The 14N(p,gamma)15O reaction studied with a composite germanium detector

TL;DR

This study provides new, precise cross section measurements for the 14N(p,gamma)15O reaction at astrophysical energies using advanced detection techniques, aiding in better modeling of stellar processes.

Contribution

It presents new experimental cross section data for key transitions in the 14N(p,gamma)15O reaction, utilizing a composite germanium detector to improve accuracy and reduce summing corrections.

Findings

Cross sections measured at 359, 380, and 399 keV beam energies.

Branching ratios for the 278 keV resonance decay remeasured.

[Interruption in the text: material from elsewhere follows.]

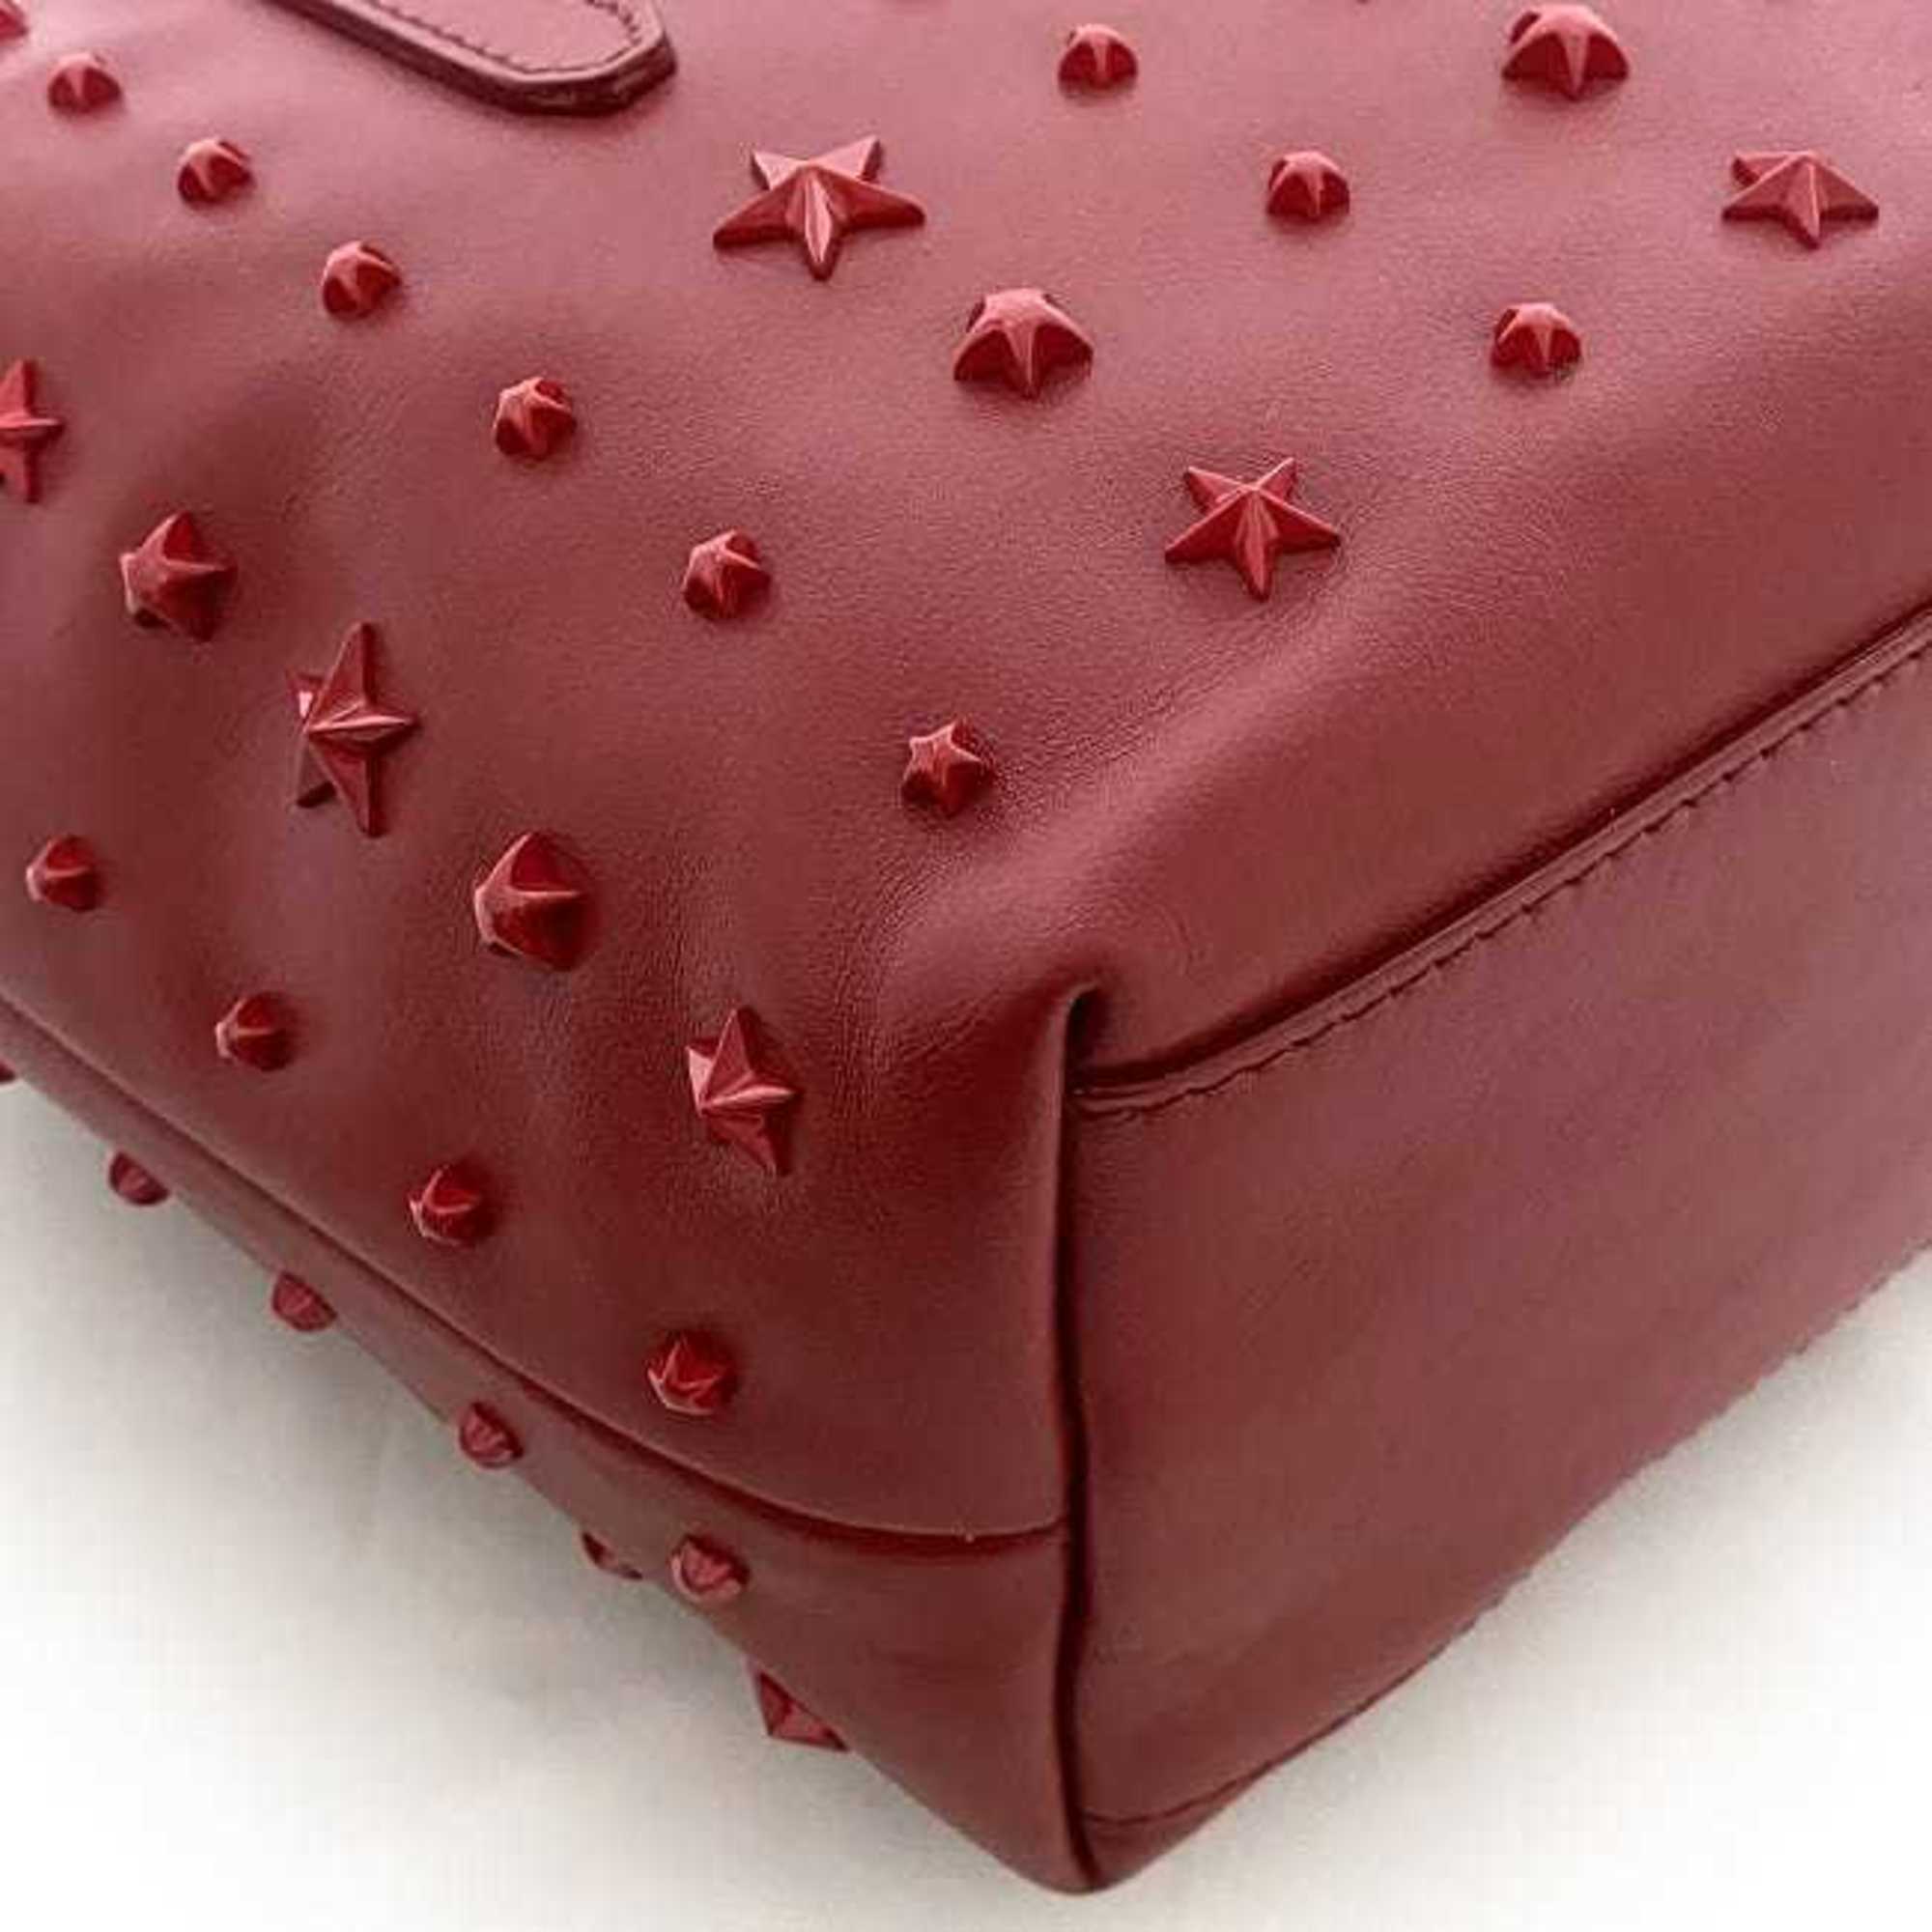 Jimmy Choo 2way Sara Red LTJ 193 Leather JIMMY CHOO Star Studded Handbag Shoulder Bag

Enhanced data quality for astrophysical extrapolations.

Abstract

The rate of the carbon-nitrogen-oxygen (CNO) cycle of hydrogen burning is controlled by the 14N(p,gamma)15O reaction. The reaction proceeds by capture to the ground states and several excited states in O-15. In order to obtain a reliable extrapolation of the excitation curve to astrophysical energy, fits in the R-matrix framework are needed. In an energy range that sensitively tests such fits, new cross section data are reported here for the four major transitions in the 14N(p,gamma)15O reaction. The experiment has been performed at the Laboratory for Underground Nuclear Astrophysics (LUNA) 400 kV accelerator placed deep underground in the Gran Sasso facility in Italy. Using a composite germanium detector, summing corrections have been considerably reduced with respect to previous studies. The cross sections for capture to the ground state and to the 5181, 6172, and 6792 keV excited states in O-15 have been determined at 359, 380, and 399 keV beam energy. In addition, the branching ratios for the decay of the 278 keV resonance have been remeasured.